Figure 5. Performance on long (5 ≤ L ≤ 46) synthetic data from 50 individuals by employing different numbers of regular genotypes.
Missing data
We investigated capability for dealing with missing data under different circumstances by various methods. Since the methods performed similarly under zero recombination rate we used the same data sets with no recombination to generate the database with missing entries. An SNP site of an individual is defined as “missing” with a probability of P_{miss} and the data sets for different percentages of missing SNPs are generated accordingly. PPXH method is excluded since it cannot handle missing data. In XHSD the block partitioning is applied as before with a maximum block size of W = 8 SNPs.
Figures 6 and 7 show the performances in different scenarios of partial regular genotyping under different rates of missing data. As in the previous plots, each point represents the average value of the corresponding metric over 100 realizations–100 different sets of varying SNP sizes between 5 and 46. In most cases, XORHAPLOGEN and XHSD are insensitive to the increased number of missing sites. XORHAPLOGEN is more accurate for small group of individuals. Nonetheless, when more individuals are available in the database (N>30) XHSD displays a better performance in all circumstances.

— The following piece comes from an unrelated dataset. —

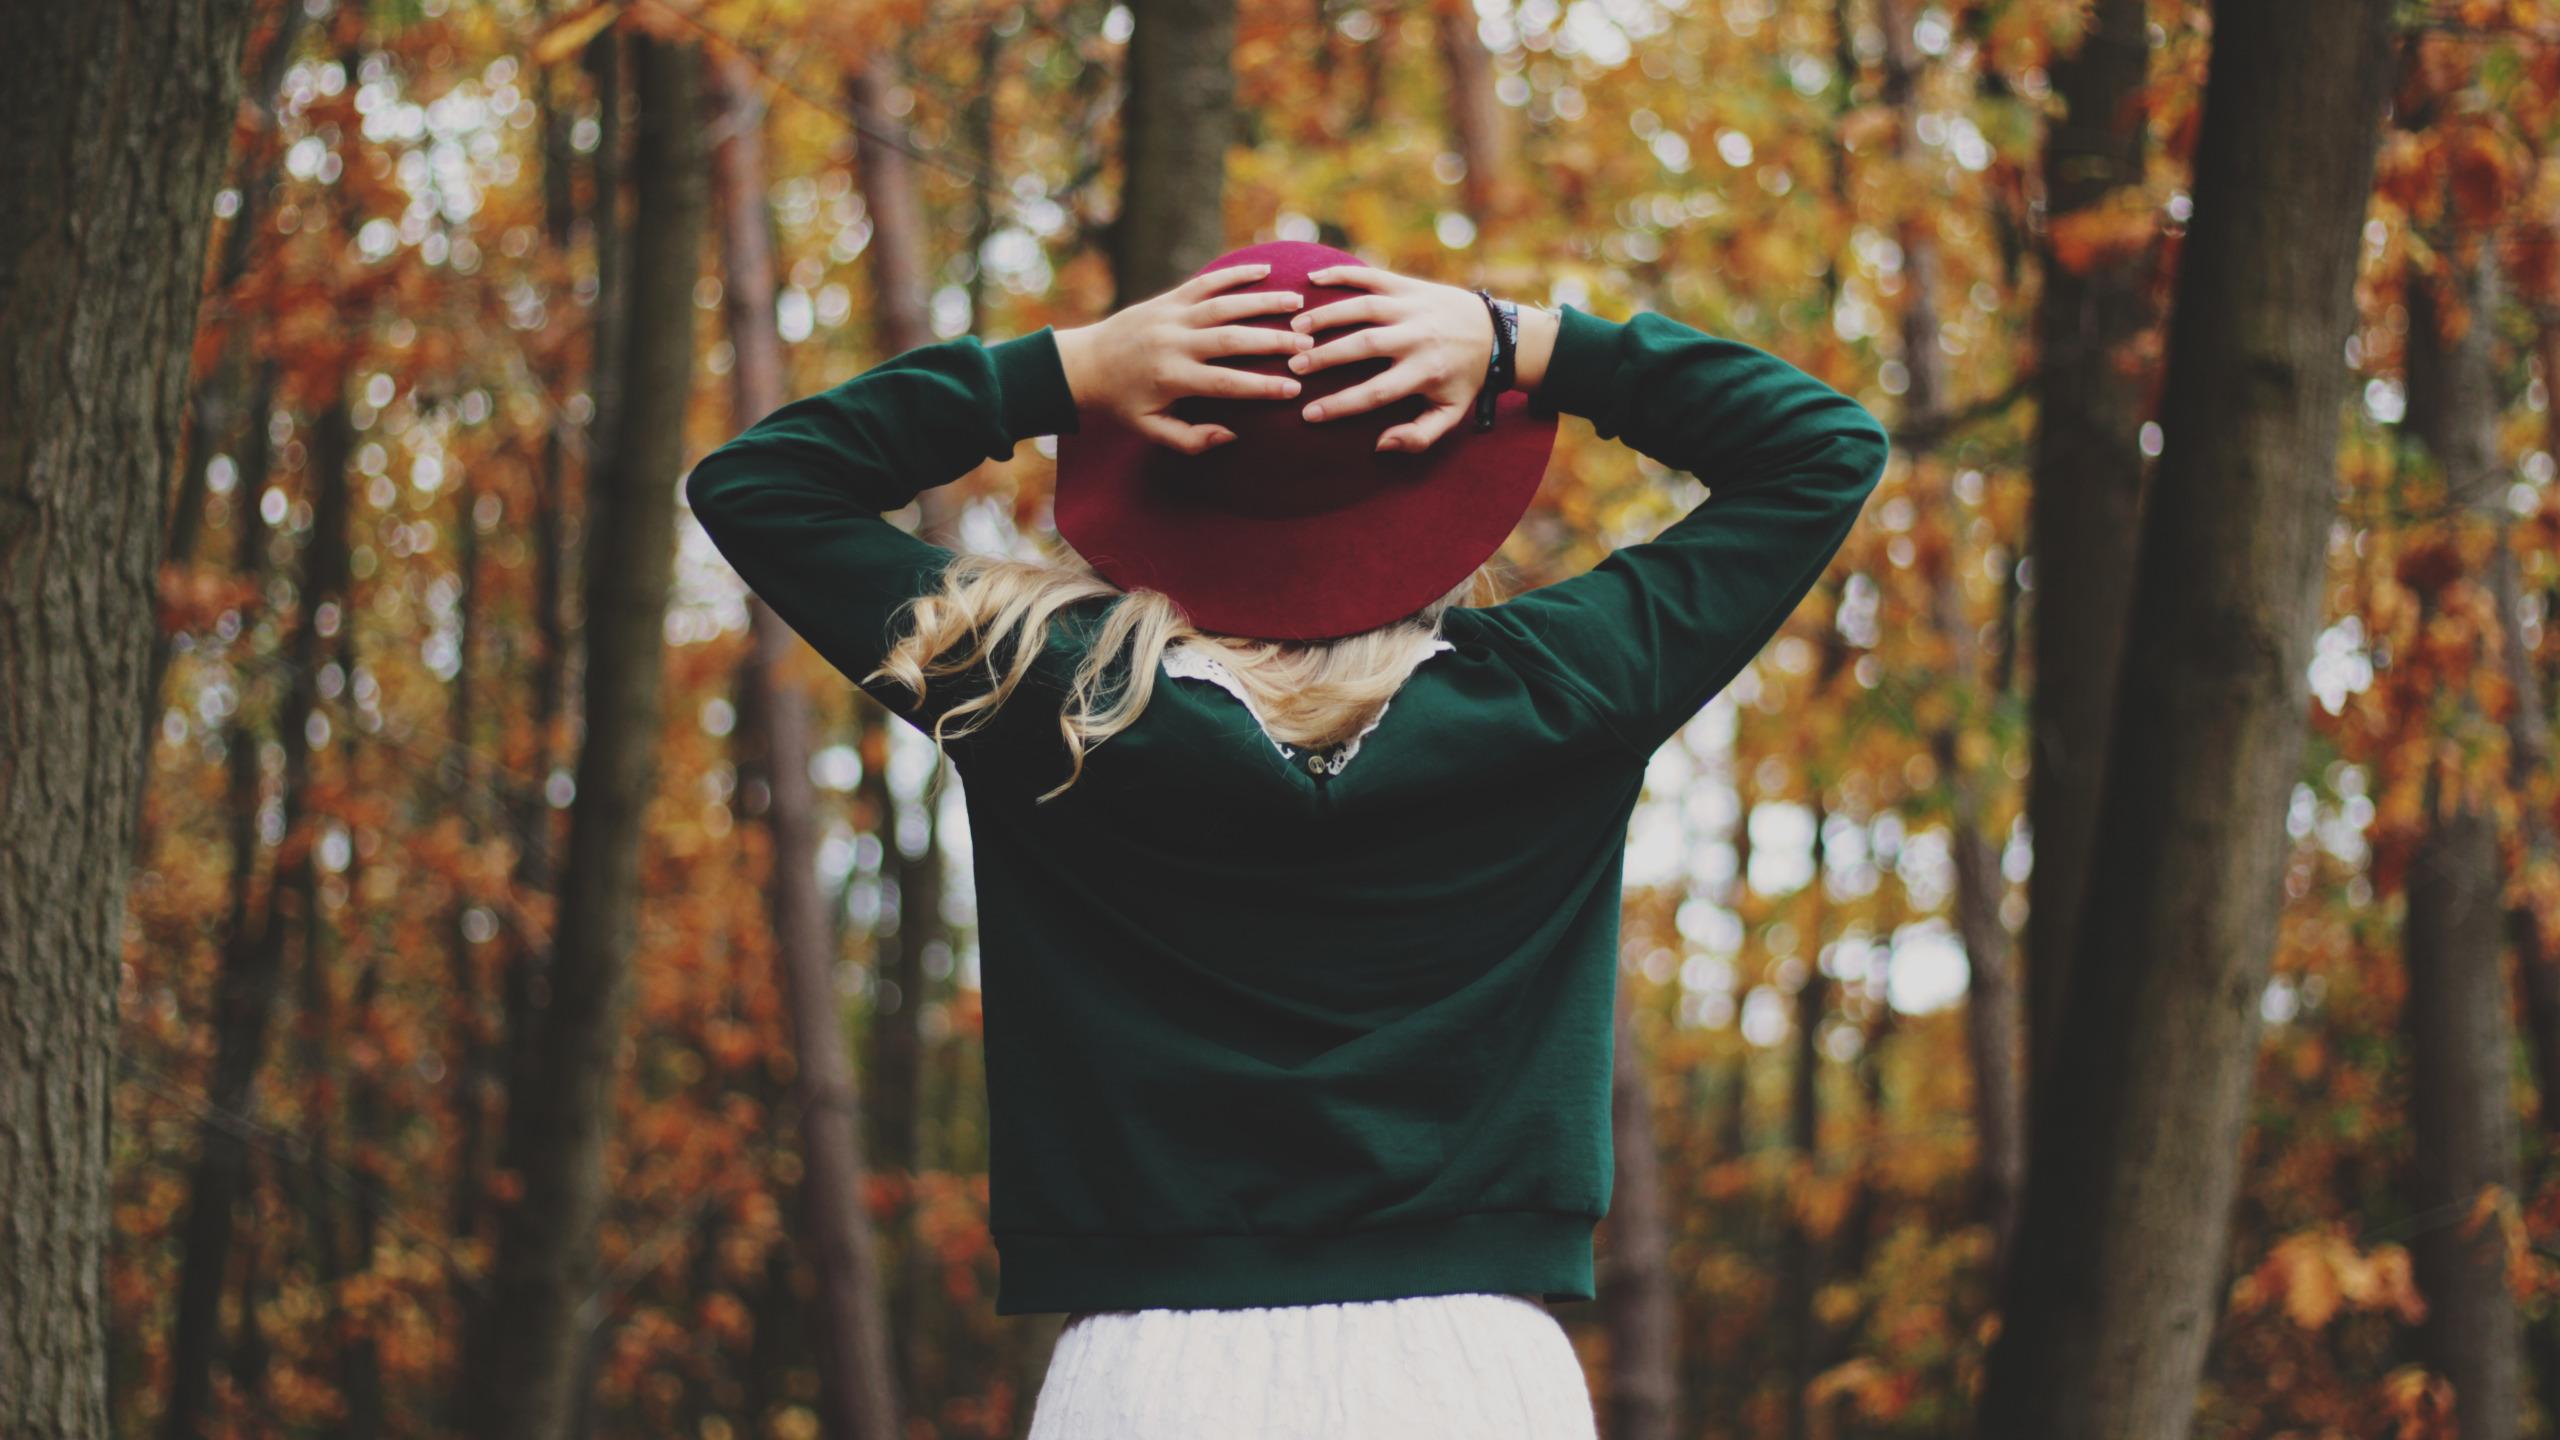 Фото на аву девушкам осенью

Figure 6. Performance under low rates of missing data, long (5 ≤ L ≤ 46) synthetic data.
Figure 7. Performance under high rates of missing data, long (5 ≤ L ≤ 46) synthetic data.
We examined the dependency of methods on percentage of the missing data rate for a population with large number of individuals. That is, we used the xorgenotypes from 50 individuals and replaced 30% and 50% of the population with regular genotypes, and performed xorhaplotype inference under different missing data rates ranging from 0.5% to 5%. As seen in Figure 8 both methods are robust against missing data. On the other hand, XHSD is less dependent on regular genotypes and it can achieve better error rates than XORHAPLOGEN by employing even less number of regular genotypes. XORHAPLOGEN needs approximately 20% more regular genotypes to reach the same P_{e} level with XHSD, e.g., regular genotyping by 30% in XHSD is comparable to that of 50% in XORHAPLOGEN.
Figure 8. Performance under different percentages of missing data.
CFTR gene database
Cystic fibrosis (CF) is an autosomal recessive disorder caused by mutations in the gene that encodes the cystic fibrosis transmembrane conductance regulator protein (CFTR). In [37], various mutations on 23 polymorphic locations from the chromosome 7 are detected as the disease loci for CF. We used this database corresponding to 29 distinct haplotypes to generate random xorgenotypes. By combining the haplotype pairs at random we generated the xorgenotypes for a given number of individuals N, and repeated the process for different population sizes, i.e., N ∈ {100, 200, 300, 400}. In this database, the data sets with small number of individuals present high haplotype diversities, i.e., many of the distinct haplotypes are only used once in the generation of individuals. Therefore, the larger data sets that have low haplotype diversities are expected to be solved with higher accuracy by biologicallyoriented methods, such as XORHAPLOGEN which obtains its inference according to a multilocus linkage disequilibrium (LD)based block identification model.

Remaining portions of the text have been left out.